[What the task requires] Since the records include pictures, leave those out while you reproduce exactly and only the lines from the one containing "Page 3 of doujinshi" through the one containing "Els sectors de treball - 4", inclusive.

[Dataset content]
━━━━
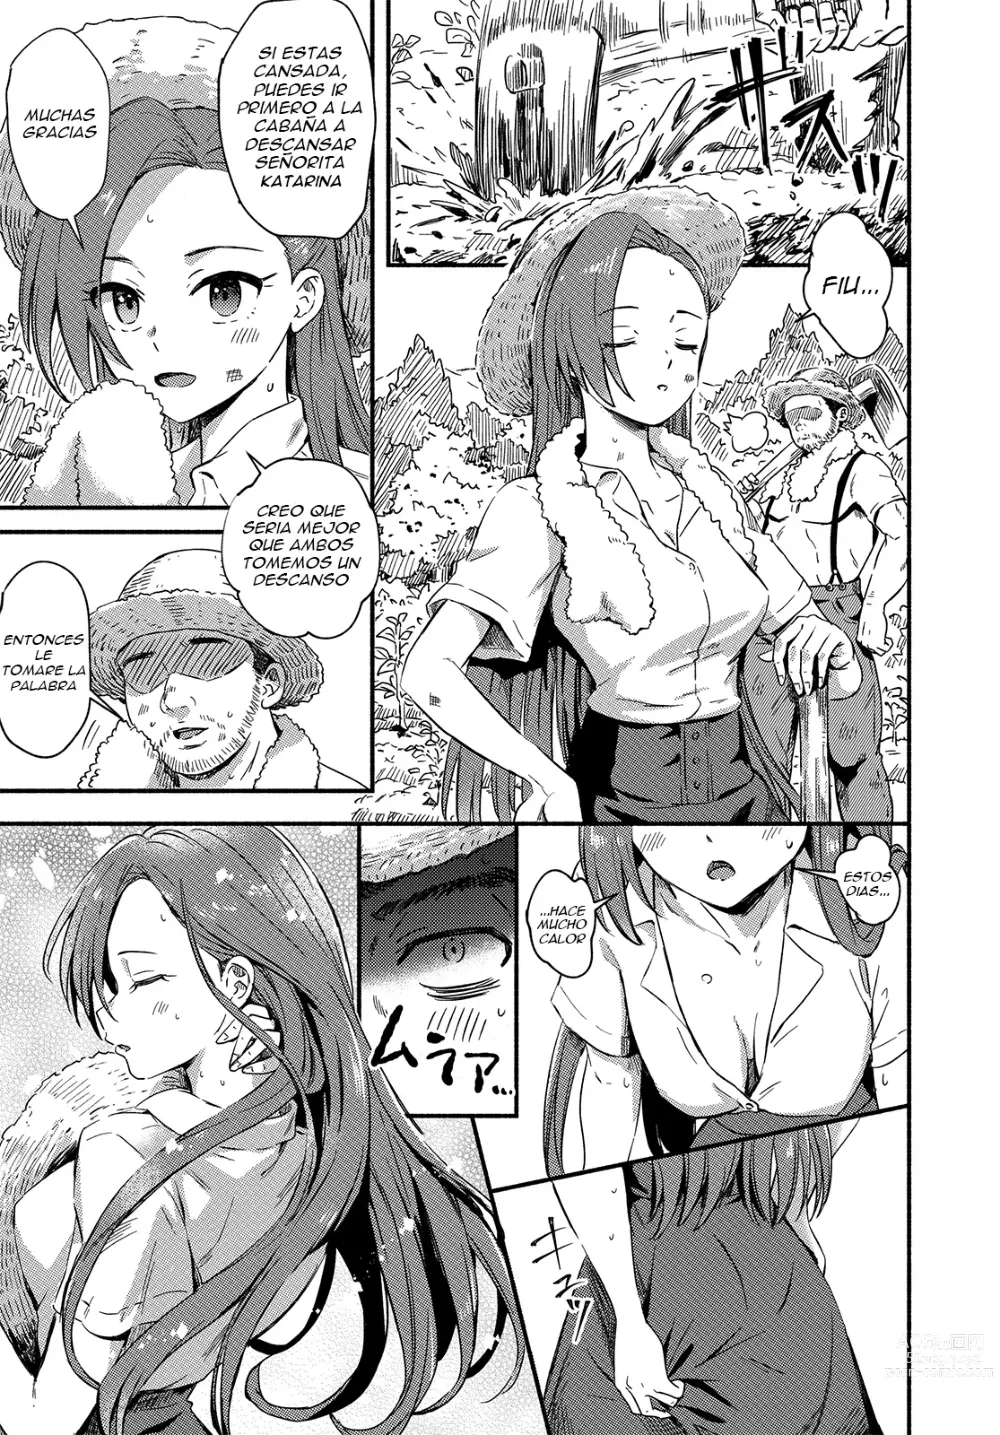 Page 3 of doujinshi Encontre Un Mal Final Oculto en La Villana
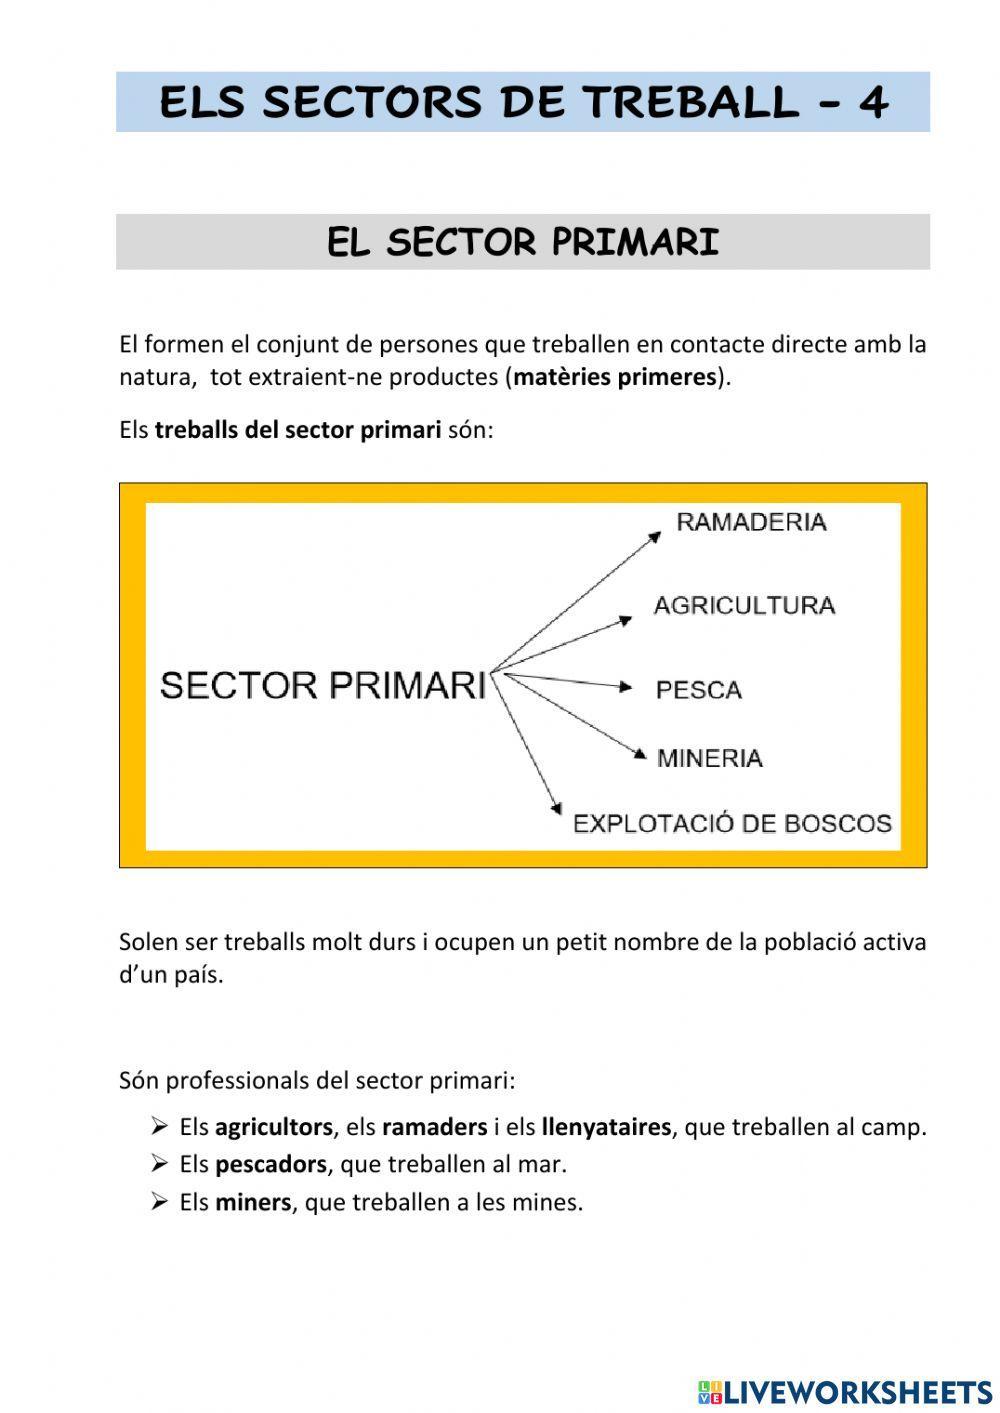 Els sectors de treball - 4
━━━━
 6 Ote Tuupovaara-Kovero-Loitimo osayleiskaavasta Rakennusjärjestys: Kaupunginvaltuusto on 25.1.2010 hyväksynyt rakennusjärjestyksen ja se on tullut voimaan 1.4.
━━━━
[Output]
 Page 3 of doujinshi Encontre Un Mal Final Oculto en La Villana
 Els sectors de treball - 4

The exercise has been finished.